BRIEF: Write out again, please, the records below from the first line to the line holding "Органы человека картинка.", inclusive, and nothing else.

DATA SUPPLIED:
+ + + + + + +
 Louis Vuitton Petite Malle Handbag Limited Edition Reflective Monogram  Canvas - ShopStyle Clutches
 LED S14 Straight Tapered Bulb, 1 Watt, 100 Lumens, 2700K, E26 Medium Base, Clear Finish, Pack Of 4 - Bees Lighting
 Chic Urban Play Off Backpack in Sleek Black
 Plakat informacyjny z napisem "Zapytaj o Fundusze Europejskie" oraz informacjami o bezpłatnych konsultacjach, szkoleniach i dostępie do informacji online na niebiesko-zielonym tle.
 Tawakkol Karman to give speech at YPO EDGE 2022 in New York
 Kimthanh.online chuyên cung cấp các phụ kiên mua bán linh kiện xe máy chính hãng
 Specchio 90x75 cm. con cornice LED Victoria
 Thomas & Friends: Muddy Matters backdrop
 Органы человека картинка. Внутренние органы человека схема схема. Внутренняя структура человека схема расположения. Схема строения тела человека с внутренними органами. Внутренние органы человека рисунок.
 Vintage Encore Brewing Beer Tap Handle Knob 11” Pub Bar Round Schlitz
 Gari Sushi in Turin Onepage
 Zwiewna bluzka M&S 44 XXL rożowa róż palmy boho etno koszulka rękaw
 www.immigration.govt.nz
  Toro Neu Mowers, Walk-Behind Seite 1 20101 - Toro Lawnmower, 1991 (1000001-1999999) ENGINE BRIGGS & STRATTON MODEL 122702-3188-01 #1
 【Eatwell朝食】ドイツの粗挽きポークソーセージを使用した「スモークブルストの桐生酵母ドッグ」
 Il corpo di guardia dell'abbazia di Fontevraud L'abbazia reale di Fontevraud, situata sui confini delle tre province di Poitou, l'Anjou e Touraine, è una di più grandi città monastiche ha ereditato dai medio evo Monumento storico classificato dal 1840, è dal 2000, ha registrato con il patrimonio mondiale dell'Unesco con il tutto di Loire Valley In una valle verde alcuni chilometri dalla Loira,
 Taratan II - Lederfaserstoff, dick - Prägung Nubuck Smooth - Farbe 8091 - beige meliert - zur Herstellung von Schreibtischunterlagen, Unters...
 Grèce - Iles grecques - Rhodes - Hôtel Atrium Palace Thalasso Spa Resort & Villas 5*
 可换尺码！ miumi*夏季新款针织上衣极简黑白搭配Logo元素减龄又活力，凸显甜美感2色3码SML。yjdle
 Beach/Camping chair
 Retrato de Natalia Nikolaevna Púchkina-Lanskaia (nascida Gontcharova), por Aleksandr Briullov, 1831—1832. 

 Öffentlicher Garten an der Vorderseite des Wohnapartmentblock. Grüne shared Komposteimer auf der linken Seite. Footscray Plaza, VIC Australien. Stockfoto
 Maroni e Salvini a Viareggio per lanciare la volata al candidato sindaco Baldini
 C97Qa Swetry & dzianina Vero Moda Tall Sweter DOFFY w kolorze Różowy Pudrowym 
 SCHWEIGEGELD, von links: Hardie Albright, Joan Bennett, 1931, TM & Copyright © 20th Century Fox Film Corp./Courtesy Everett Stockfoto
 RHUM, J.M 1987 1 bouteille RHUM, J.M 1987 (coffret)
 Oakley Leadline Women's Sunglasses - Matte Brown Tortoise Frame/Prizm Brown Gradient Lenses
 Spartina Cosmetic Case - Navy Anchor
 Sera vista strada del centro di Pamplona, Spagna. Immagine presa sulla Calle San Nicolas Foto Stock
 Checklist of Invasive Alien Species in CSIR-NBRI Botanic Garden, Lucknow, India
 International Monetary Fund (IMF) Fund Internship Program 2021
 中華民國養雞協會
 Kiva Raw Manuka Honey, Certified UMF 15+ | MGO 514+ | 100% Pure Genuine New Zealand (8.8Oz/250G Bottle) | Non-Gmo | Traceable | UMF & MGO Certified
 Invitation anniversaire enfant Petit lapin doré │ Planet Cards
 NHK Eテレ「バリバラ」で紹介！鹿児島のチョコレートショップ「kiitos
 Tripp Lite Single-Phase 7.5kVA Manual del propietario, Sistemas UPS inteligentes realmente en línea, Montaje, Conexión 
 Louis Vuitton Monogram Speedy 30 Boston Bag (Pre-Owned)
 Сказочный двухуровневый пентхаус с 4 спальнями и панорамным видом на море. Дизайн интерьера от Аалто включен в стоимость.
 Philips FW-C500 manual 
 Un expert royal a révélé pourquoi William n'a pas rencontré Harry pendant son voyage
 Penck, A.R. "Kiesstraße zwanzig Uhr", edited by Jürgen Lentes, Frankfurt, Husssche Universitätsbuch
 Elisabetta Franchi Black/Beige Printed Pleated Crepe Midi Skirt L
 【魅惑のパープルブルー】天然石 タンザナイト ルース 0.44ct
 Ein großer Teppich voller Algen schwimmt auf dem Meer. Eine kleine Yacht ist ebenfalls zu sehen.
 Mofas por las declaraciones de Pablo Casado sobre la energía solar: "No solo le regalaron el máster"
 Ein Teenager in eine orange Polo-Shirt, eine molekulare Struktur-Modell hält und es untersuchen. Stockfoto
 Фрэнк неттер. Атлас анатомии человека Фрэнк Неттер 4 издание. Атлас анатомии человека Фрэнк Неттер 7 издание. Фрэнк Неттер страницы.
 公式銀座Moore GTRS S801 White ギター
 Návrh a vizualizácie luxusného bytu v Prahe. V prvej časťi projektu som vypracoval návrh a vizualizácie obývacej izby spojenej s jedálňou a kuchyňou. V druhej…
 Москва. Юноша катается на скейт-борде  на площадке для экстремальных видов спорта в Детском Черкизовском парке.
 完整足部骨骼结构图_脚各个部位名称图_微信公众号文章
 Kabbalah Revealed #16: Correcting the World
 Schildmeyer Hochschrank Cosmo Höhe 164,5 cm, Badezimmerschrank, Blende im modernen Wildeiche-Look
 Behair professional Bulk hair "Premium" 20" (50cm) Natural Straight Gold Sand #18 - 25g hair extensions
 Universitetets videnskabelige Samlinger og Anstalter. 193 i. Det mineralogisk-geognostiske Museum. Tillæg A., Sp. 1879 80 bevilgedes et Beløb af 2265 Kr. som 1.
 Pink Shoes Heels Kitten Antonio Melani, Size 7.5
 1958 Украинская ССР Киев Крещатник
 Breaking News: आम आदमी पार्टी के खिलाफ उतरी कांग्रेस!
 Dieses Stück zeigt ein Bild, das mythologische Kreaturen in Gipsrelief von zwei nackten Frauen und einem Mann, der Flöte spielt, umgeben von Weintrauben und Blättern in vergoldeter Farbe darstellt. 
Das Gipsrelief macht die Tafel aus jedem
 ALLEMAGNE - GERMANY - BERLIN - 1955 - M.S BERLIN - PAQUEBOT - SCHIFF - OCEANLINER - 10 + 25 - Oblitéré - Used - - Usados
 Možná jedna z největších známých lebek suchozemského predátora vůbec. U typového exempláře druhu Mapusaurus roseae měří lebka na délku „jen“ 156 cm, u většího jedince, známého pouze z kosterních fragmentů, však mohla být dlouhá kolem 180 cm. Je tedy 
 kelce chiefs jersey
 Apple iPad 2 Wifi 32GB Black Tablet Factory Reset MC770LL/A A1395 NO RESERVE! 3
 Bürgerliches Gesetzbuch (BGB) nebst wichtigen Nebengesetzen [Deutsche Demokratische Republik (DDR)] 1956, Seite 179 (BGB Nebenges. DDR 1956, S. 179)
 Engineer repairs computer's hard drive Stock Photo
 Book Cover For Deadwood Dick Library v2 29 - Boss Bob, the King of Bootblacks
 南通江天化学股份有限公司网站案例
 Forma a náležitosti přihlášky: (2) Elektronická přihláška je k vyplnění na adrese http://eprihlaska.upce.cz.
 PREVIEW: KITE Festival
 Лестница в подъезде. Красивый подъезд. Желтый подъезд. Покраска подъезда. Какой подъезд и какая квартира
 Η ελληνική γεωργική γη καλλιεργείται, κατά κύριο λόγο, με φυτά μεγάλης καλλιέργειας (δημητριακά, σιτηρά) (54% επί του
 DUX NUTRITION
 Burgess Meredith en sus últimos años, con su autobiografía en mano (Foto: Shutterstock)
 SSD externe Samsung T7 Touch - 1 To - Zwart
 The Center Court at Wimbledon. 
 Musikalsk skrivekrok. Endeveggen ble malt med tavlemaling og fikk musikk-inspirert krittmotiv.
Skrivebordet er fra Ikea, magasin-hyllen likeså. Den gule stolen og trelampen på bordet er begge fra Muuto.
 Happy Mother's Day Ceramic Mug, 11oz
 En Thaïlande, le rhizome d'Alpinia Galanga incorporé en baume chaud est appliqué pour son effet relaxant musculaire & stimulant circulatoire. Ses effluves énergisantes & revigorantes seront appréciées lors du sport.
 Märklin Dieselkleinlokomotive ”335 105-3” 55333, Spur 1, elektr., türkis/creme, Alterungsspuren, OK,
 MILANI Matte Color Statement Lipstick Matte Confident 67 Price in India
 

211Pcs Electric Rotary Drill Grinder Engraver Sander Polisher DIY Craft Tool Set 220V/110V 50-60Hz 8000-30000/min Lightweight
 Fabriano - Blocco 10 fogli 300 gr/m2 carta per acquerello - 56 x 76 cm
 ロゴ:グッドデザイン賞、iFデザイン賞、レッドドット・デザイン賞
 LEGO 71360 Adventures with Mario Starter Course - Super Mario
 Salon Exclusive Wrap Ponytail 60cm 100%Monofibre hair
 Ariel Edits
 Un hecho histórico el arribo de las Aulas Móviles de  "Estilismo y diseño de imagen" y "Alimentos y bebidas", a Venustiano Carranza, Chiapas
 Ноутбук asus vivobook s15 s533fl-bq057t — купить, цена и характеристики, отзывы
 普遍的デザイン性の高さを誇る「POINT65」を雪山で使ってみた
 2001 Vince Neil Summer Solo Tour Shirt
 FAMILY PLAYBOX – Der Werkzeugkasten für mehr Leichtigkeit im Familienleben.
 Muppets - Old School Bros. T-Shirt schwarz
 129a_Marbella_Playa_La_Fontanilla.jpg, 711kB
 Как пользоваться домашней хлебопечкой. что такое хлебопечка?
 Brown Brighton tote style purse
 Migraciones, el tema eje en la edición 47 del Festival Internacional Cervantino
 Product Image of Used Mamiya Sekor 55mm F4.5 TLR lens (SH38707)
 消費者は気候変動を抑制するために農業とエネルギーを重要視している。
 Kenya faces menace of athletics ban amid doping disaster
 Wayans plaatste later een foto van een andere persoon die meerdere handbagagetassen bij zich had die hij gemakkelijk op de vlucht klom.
+ + + + + + +
SOLUTION TO THE EXERCISE:
 Louis Vuitton Petite Malle Handbag Limited Edition Reflective Monogram  Canvas - ShopStyle Clutches
 LED S14 Straight Tapered Bulb, 1 Watt, 100 Lumens, 2700K, E26 Medium Base, Clear Finish, Pack Of 4 - Bees Lighting
 Chic Urban Play Off Backpack in Sleek Black
 Plakat informacyjny z napisem "Zapytaj o Fundusze Europejskie" oraz informacjami o bezpłatnych konsultacjach, szkoleniach i dostępie do informacji online na niebiesko-zielonym tle.
 Tawakkol Karman to give speech at YPO EDGE 2022 in New York
 Kimthanh.online chuyên cung cấp các phụ kiên mua bán linh kiện xe máy chính hãng
 Specchio 90x75 cm. con cornice LED Victoria
 Thomas & Friends: Muddy Matters backdrop
 Органы человека картинка. Внутренние органы человека схема схема. Внутренняя структура человека схема расположения. Схема строения тела человека с внутренними органами. Внутренние органы человека рисунок.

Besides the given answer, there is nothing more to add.